Jennie and the Survivors

by Arliene Botnick, April 3, 2018

As we end Passover, the holiday on which we celebrate freedom from slavery and persecution, we begin preparing for another kind of Jewish Remembrance – a ‘modern’ addition to our calendar.

On the 27th day of Nisan (beginning Friday night April 13th), we will commemorate Yom HaShoah V’Gevurah. The day of remembering the Shoah and the strength of those who endured, of those who died, and of those who still are here to tell their stories.

At my most recent visit with my adult class to our Holocaust Centre, I listened to a most powerful and moving presentation by an alert and optimistic survivor who detailed how she alone – at age 13, survived because her mother had the strength to force her 13 year-old daughter to run from the death march, praying that Rose at least would survive.

Rose survived, and she poignantly retold her story, emphasizing the pain that she still feels, some 76 years later, about the loss of her family, particularly her 3 year old little brother. She showed us the only picture she had of him – so heart breaking!

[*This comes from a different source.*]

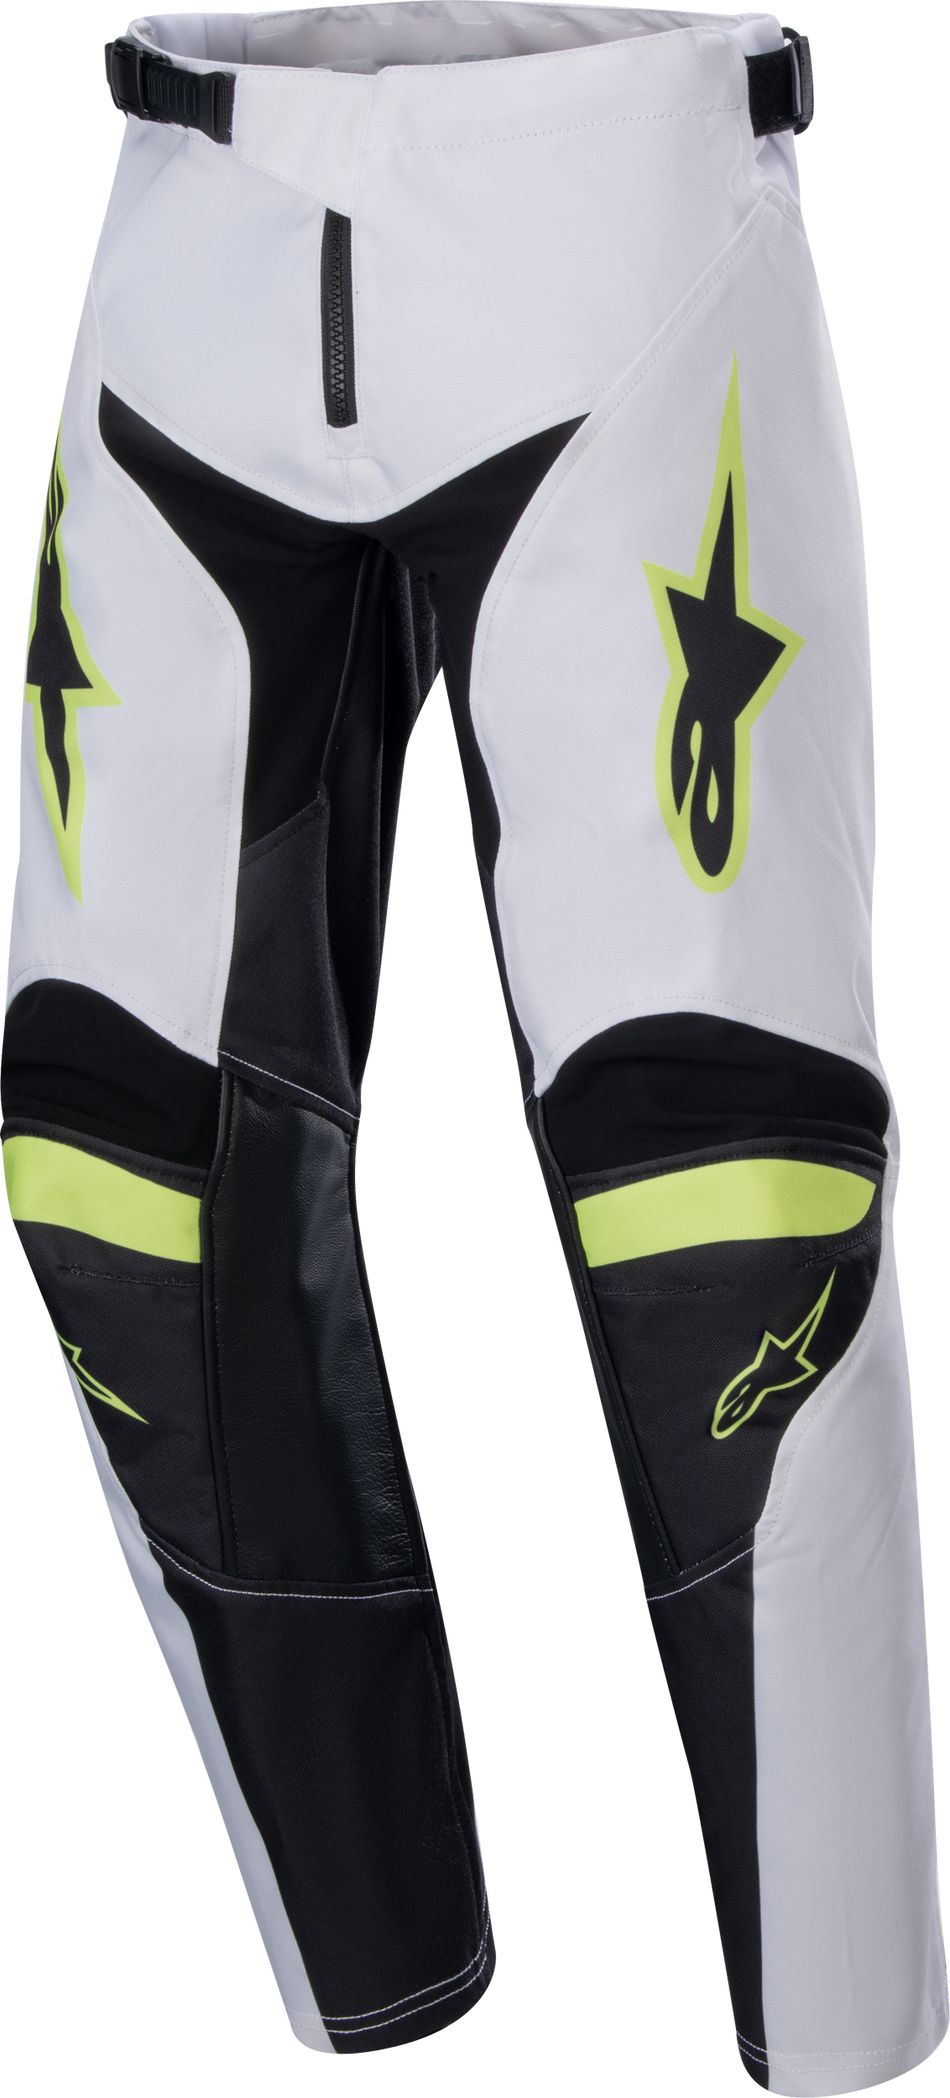 ALPINESTARS Youth Racer Lucent Pants Wht/Neon Rd/Ylw Fluo Sz 24 3743724-2029-24

And it reminded me of the losses that my own mother endured; not in the Holocaust, and yet, for her, still so, so painful. My 3 year-old brother, Myer (whom I never knew) was killed by a car. My 15 year-old brother, Moishe, died of a brain tumor when I was 3. Much later on, my mother buried her 3rd child, my sister Rosie who died of cancer at age 50.

My mother Jennie survived and survived as an optimist. Our holocaust speaker Rose, survived as an optimist. How did these women continue to live with hope?

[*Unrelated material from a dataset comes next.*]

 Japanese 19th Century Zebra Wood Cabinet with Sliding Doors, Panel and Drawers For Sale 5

For Rose, she survived through marriage to a wonderful man, to seeing her children and grandchildren grow up in Canada – a country that in her presentation, Rose thanked over and over again.

My mother, Jennie – how did she survive? Well, there is my sister Lorraine and me, whom she loved and supported through all kinds of challenges. There was my dad, Issie, whom she cared for and nursed until his death at age 57, leaving my 47 year-old mother a widow with young girls to care for.

One other survival technique that kept my mother was the home she gave to numerous young male survivors of the Holocaust. My mother had lost her only 2 sons, but she became a foster parent to a myriad of young survivors in the 50’s. There was Jack, Sam, Motel, Leon and Andy. I was too young to understand why all these young men lived with us for a year or two at that time, but I later learned how they had survived, how they had lost every member of their own family, how they were emotionally traumatized and how they needed a home, support and a family. For 1, 2 or 3 years, we were their family. My mom and dad supported them, even helped a few of them plan their weddings. The boys became men. They learned English, went to night school and created new families.

So Rose the survivor, and Jennie the survivor, kept their optimism because they saw that life can go on. And even through loss, we can’t give up.

It is documented that Mahatma Ghandi had written to Rabbi Leo Baeck, who was at that time in a concentration camp, with the message that the Jews in the camps should commit mass suicide to make a statement to the world about what Hitler was doing.

Rabbi Baeck responded, “No, the commandment from God is that we are to live.”

So on Yom HaShoah, we recall painfully the unspeakable tragedy of our people, but let us also recall and affirm, we are still here to tell the story!